I have a datatable with 500K rows in the following format;
Int | Decimal | String
We are using a singleton pattern and ultimately our DataTable
needs ending up as a List(Of AssetAllocation)
where AssetAllocation
is:
Public Class AssetAllocation
Property TpId() As Integer
Property Allocation As List(Of Sector)
End Class
Public Class Sector
Property Description() As String
Property Weighting As Decimal
End Class
The linq I am using;
Private Shared Function LoadAll() As List(Of AssetAllocation)
Dim rtn = New List(Of AssetAllocation)
Using dt = GetRawData()
Dim dist = (From x In dt.AsEnumerable Select x!TP_ID).ToList().Distinct()

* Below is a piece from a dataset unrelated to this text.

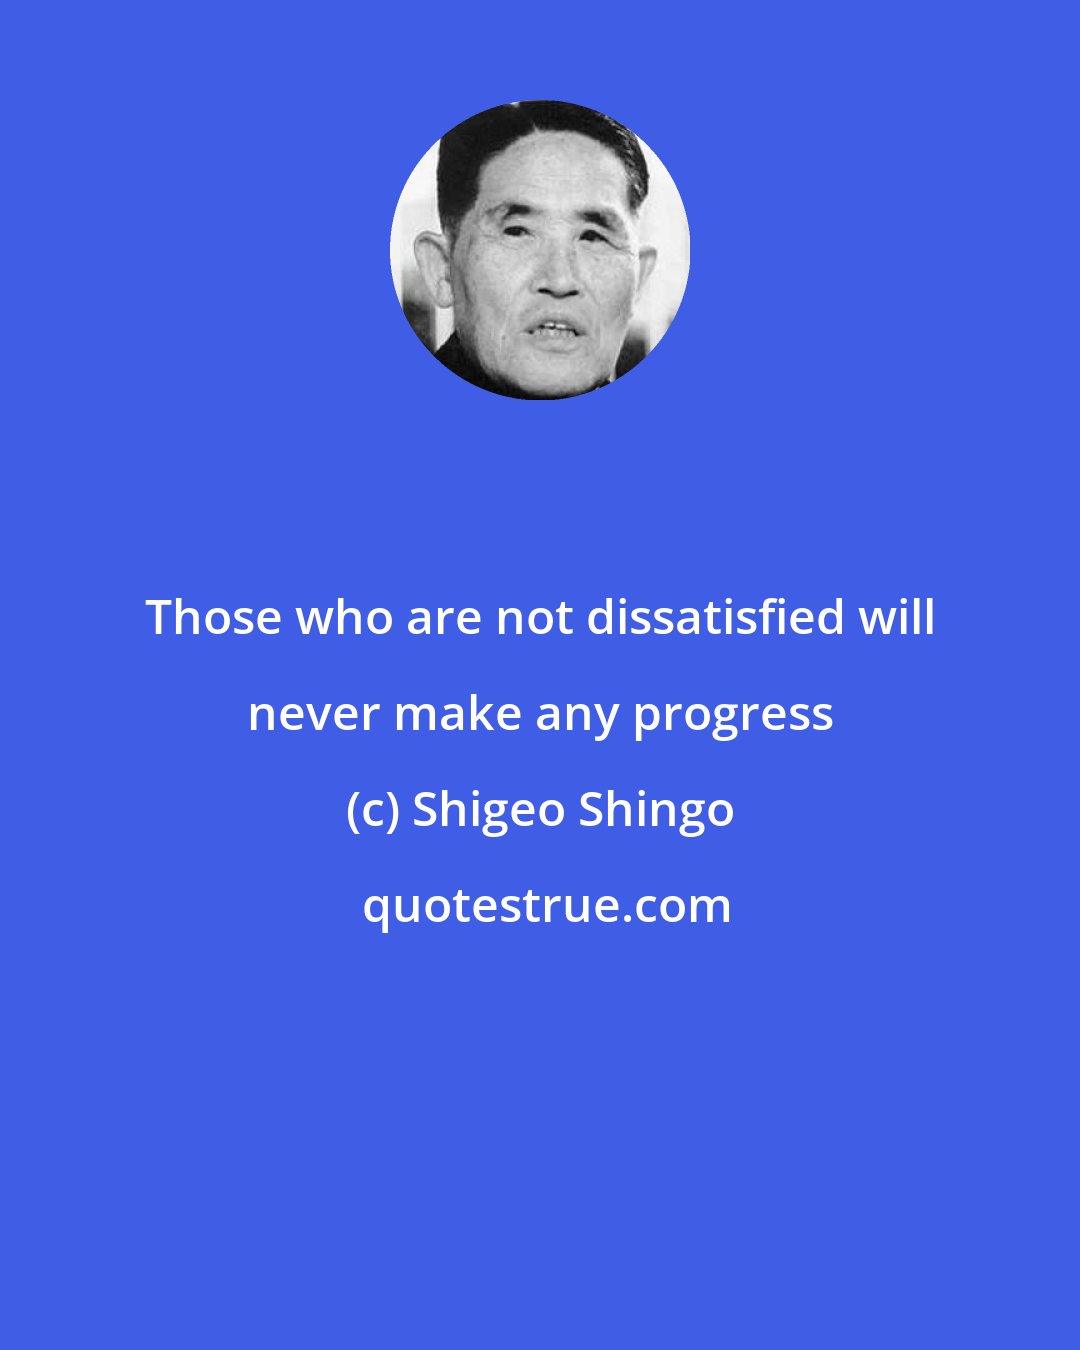 Shigeo Shingo: Those who are not dissatisfied will never make any progress

rtn.AddRange(From i As Integer In dist
Select New AssetAllocation With {
.TpId = i,
.Allocation = (From b In dt.AsEnumerable
Where b!TP_ID = i Select New Sector With {
.Description = b!DESCRIPTION.ToString(),
.Weighting = b!WEIGHT
}).ToList()})
End Using
Return rtn
End Function
It is taking a long time to execute the linq which is due to the inner query constructing the list of sectors. The distinct list contains 80k
Can this be improved at all?
If I've understood what you are trying to do this query should have much better performance. The trick is to use GroupBy
to avoid having to search the entire table for matching id's in every iteration.
I have written it in C# but I'm sure you can translate it into VB.
var rtn =
dt.AsEnumerable()
.GroupBy(x => x.Field<int>("TP_ID"))
.Select(x => new AssetAllocation()
{
TpId = x.Key,
Allocation = x.Select(y => new Sector
{
Description = y.Field<string>("Description"),
Weighting = y.Field<decimal>("WEIGHT")
}).ToList()
}).ToList();